The task: Reproduce the listing in full, pictures excluded.

Input data:

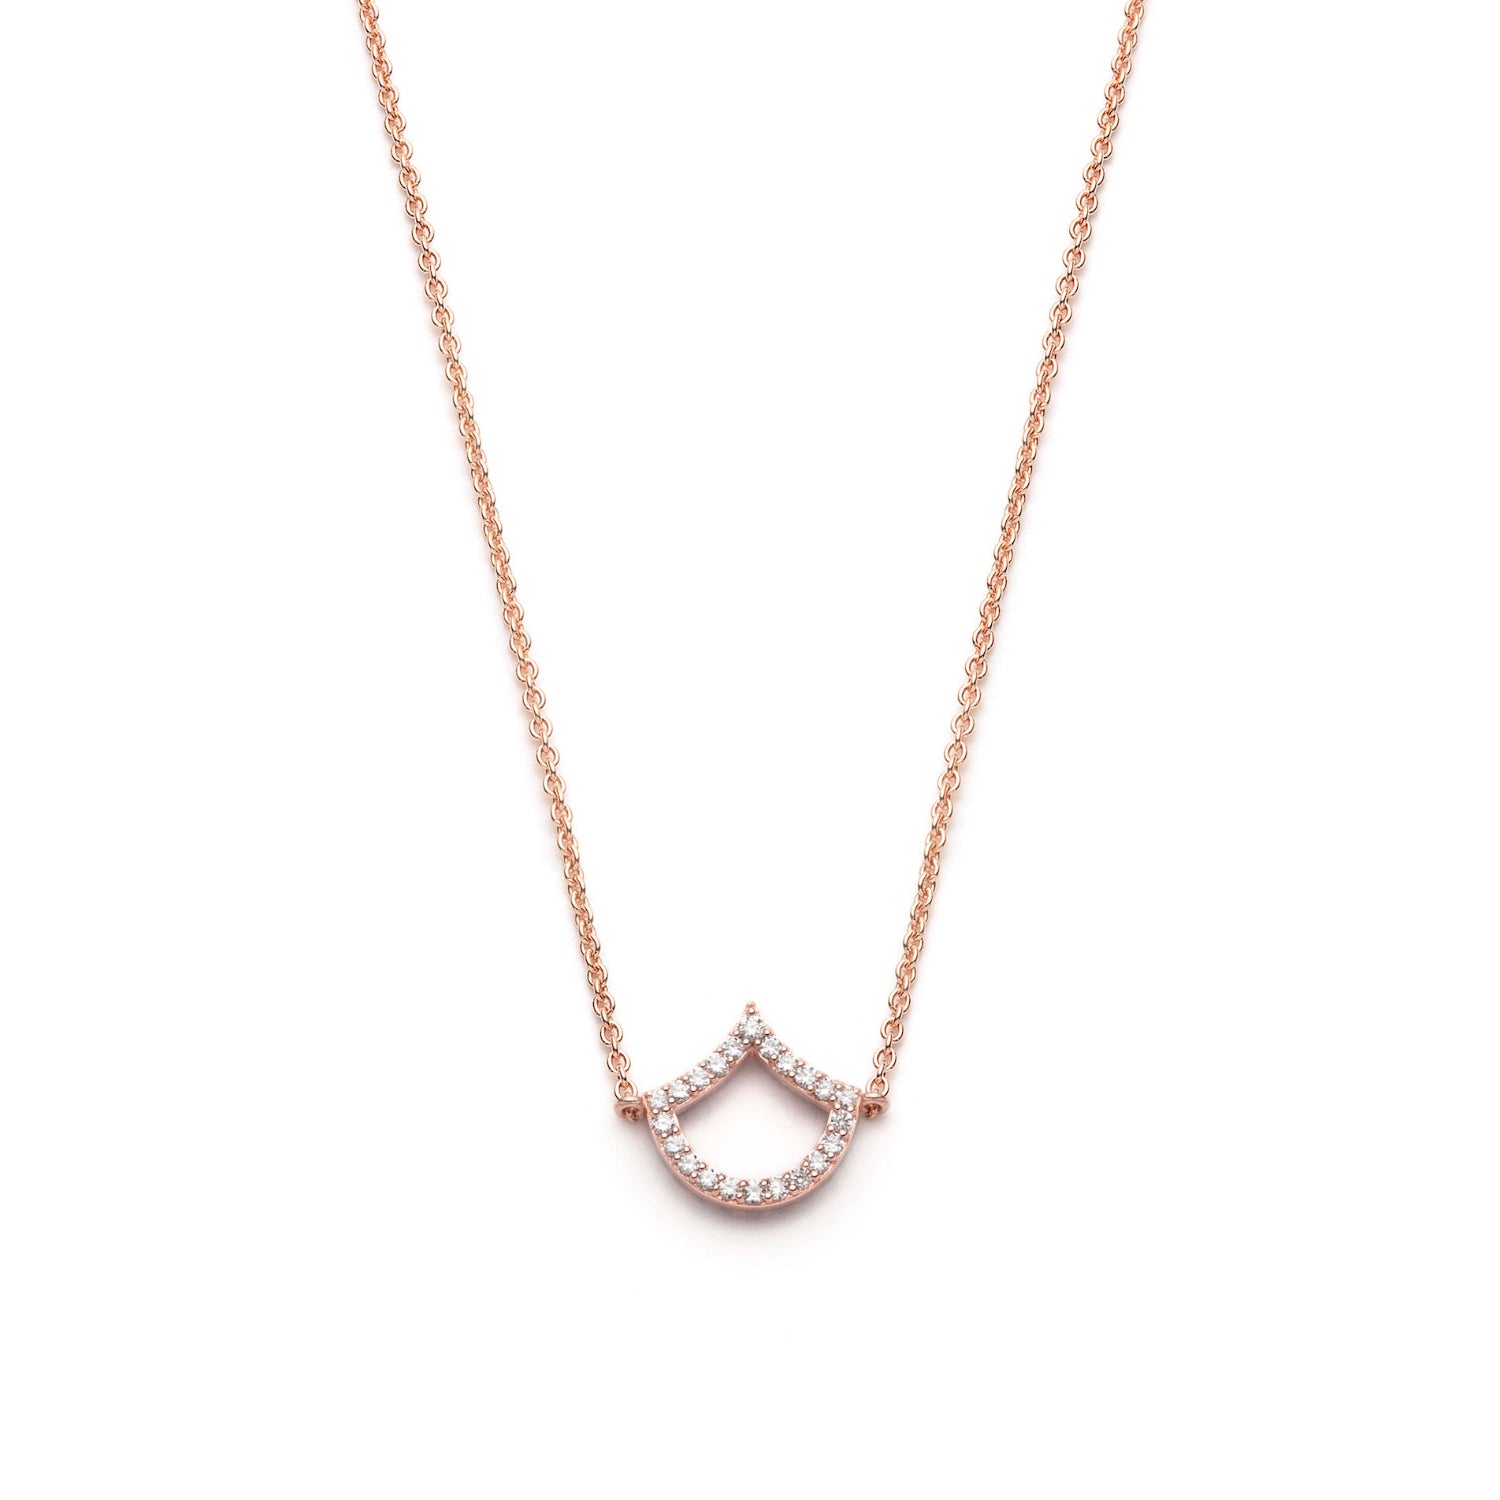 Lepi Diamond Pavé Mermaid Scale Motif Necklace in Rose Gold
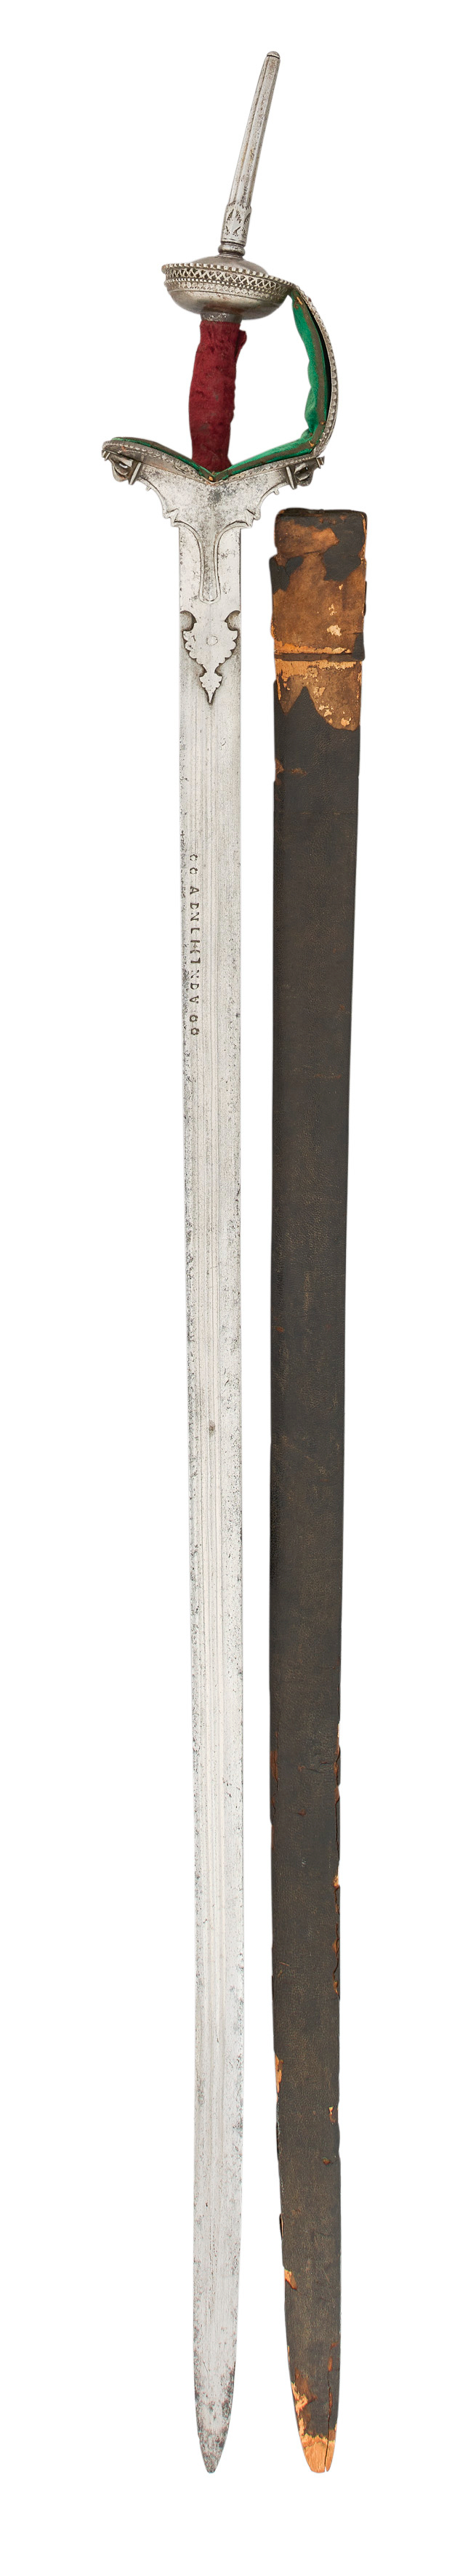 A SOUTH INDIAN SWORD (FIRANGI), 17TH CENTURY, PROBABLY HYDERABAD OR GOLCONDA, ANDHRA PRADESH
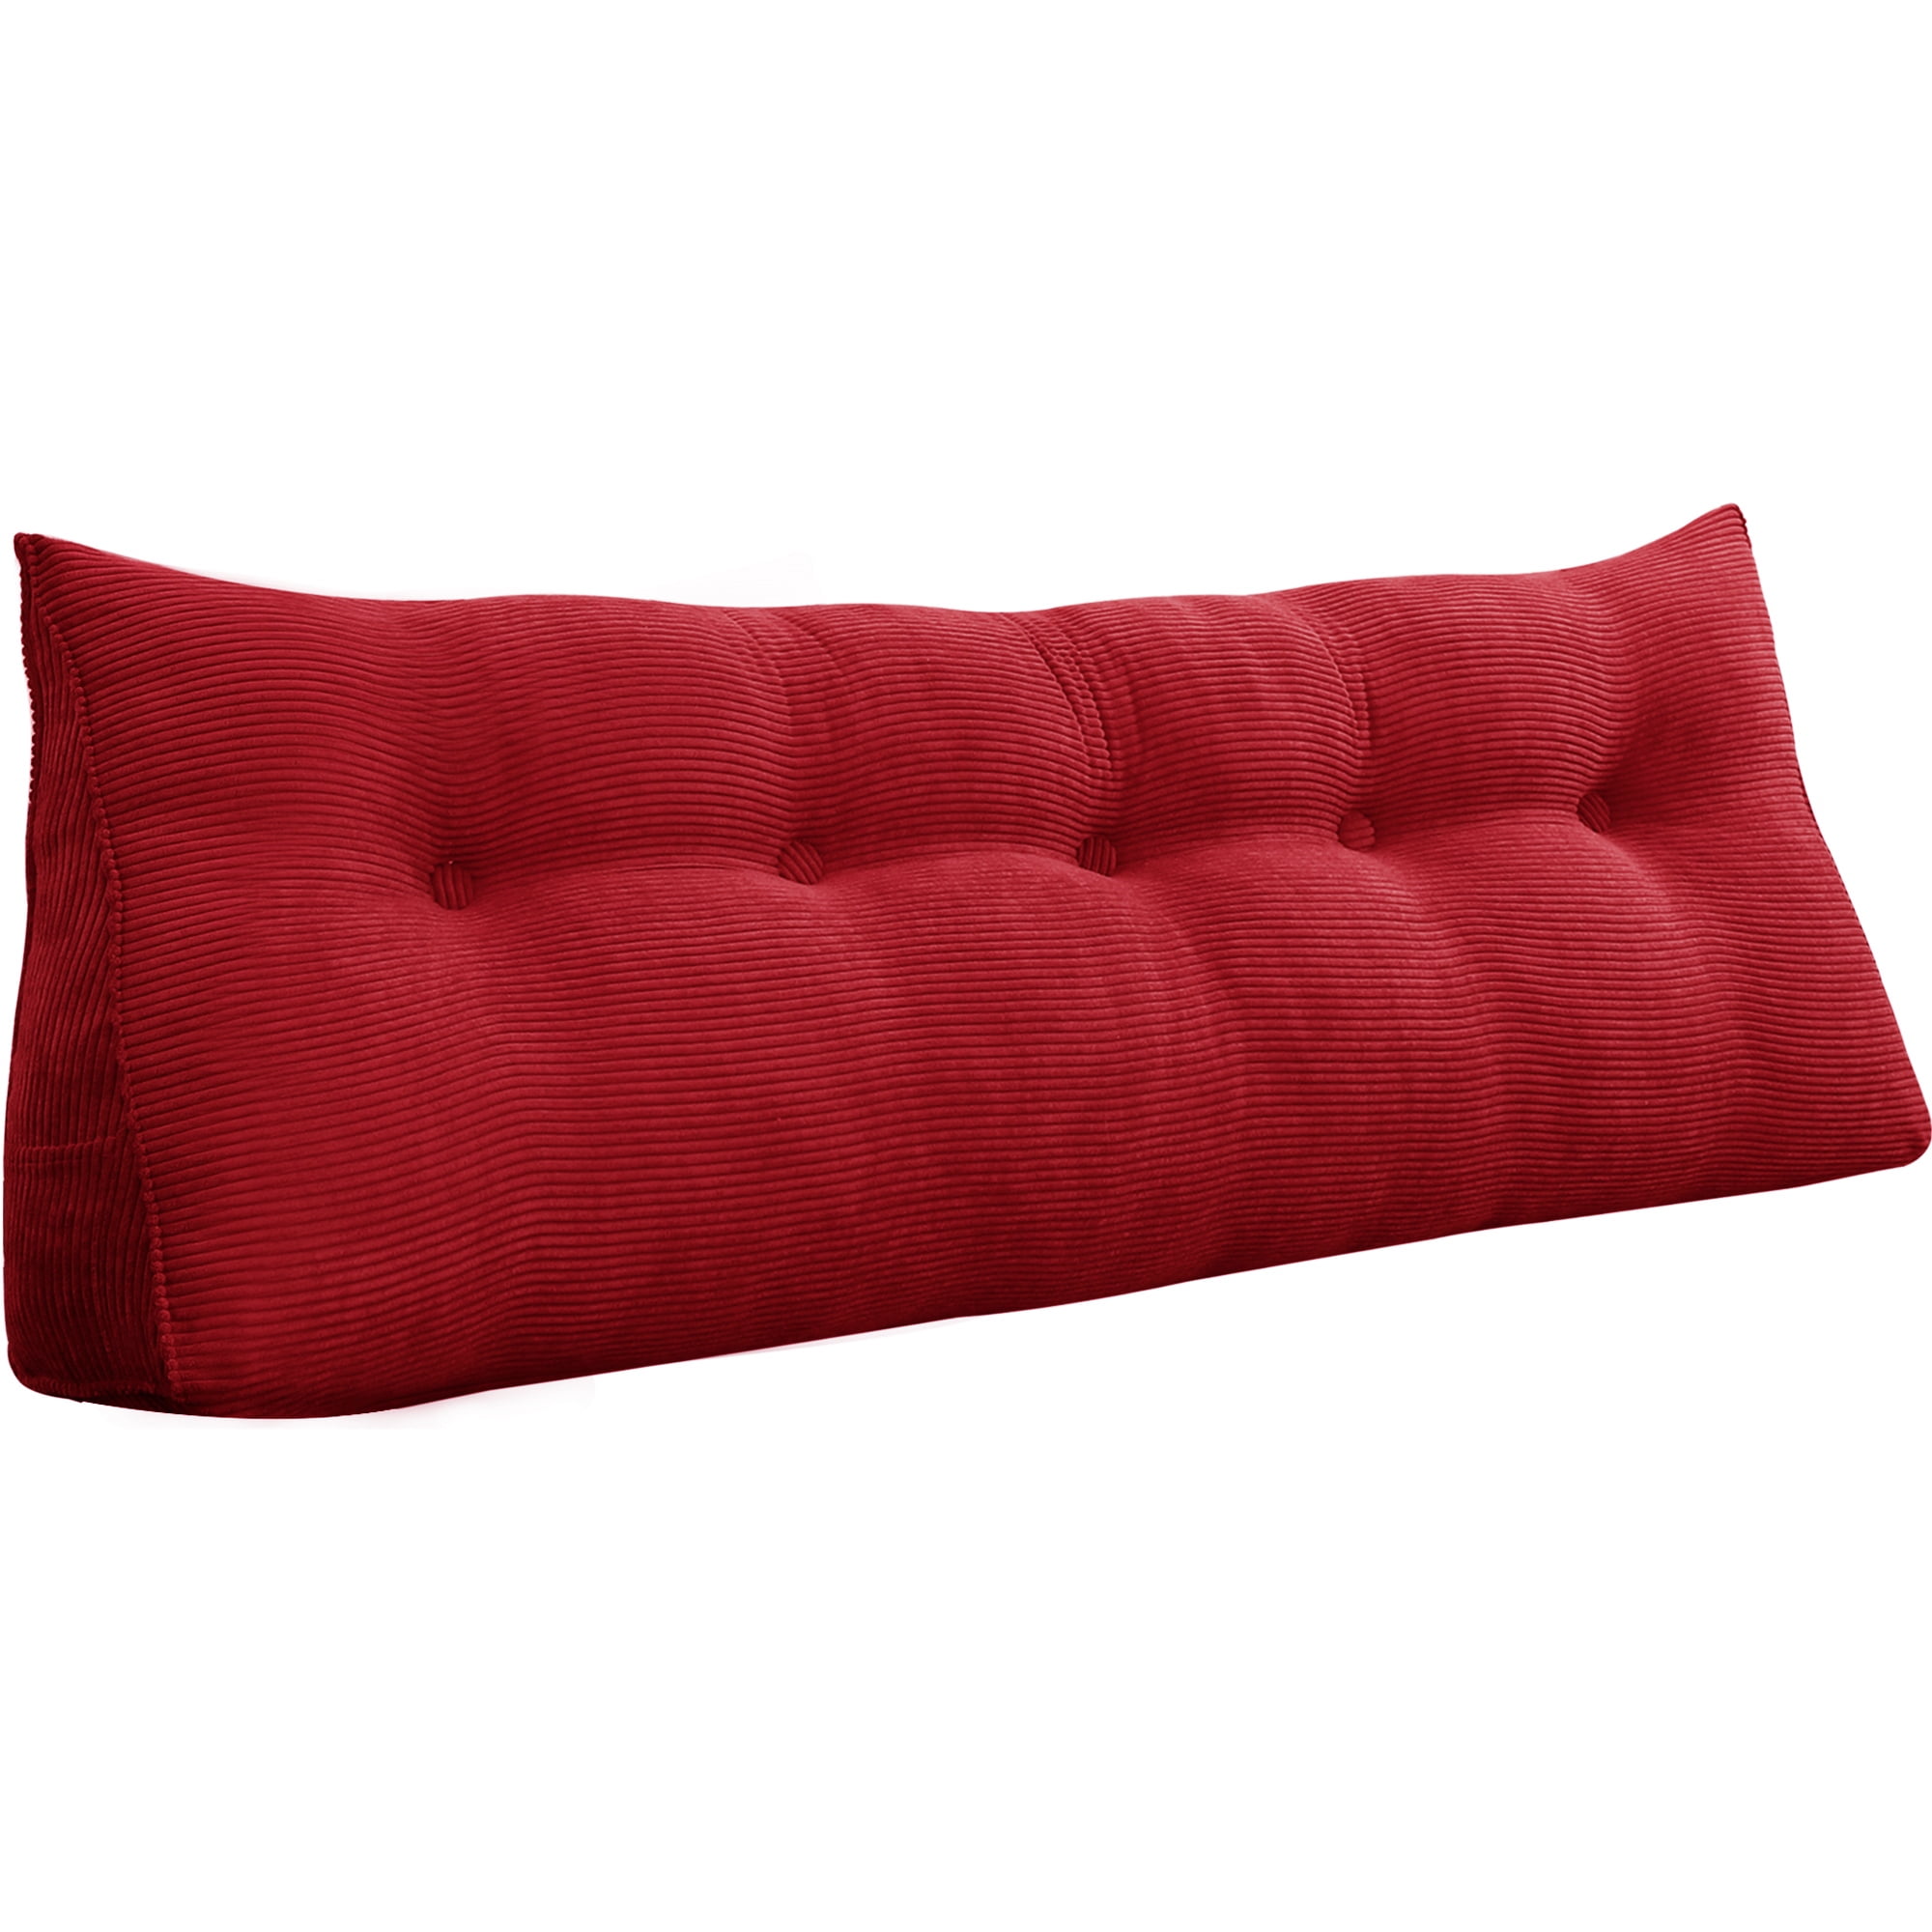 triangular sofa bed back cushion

Output of the exercise:
 Lepi Diamond Pavé Mermaid Scale Motif Necklace in Rose Gold
 A SOUTH INDIAN SWORD (FIRANGI), 17TH CENTURY, PROBABLY HYDERABAD OR GOLCONDA, ANDHRA PRADESH
 triangular sofa bed back cushion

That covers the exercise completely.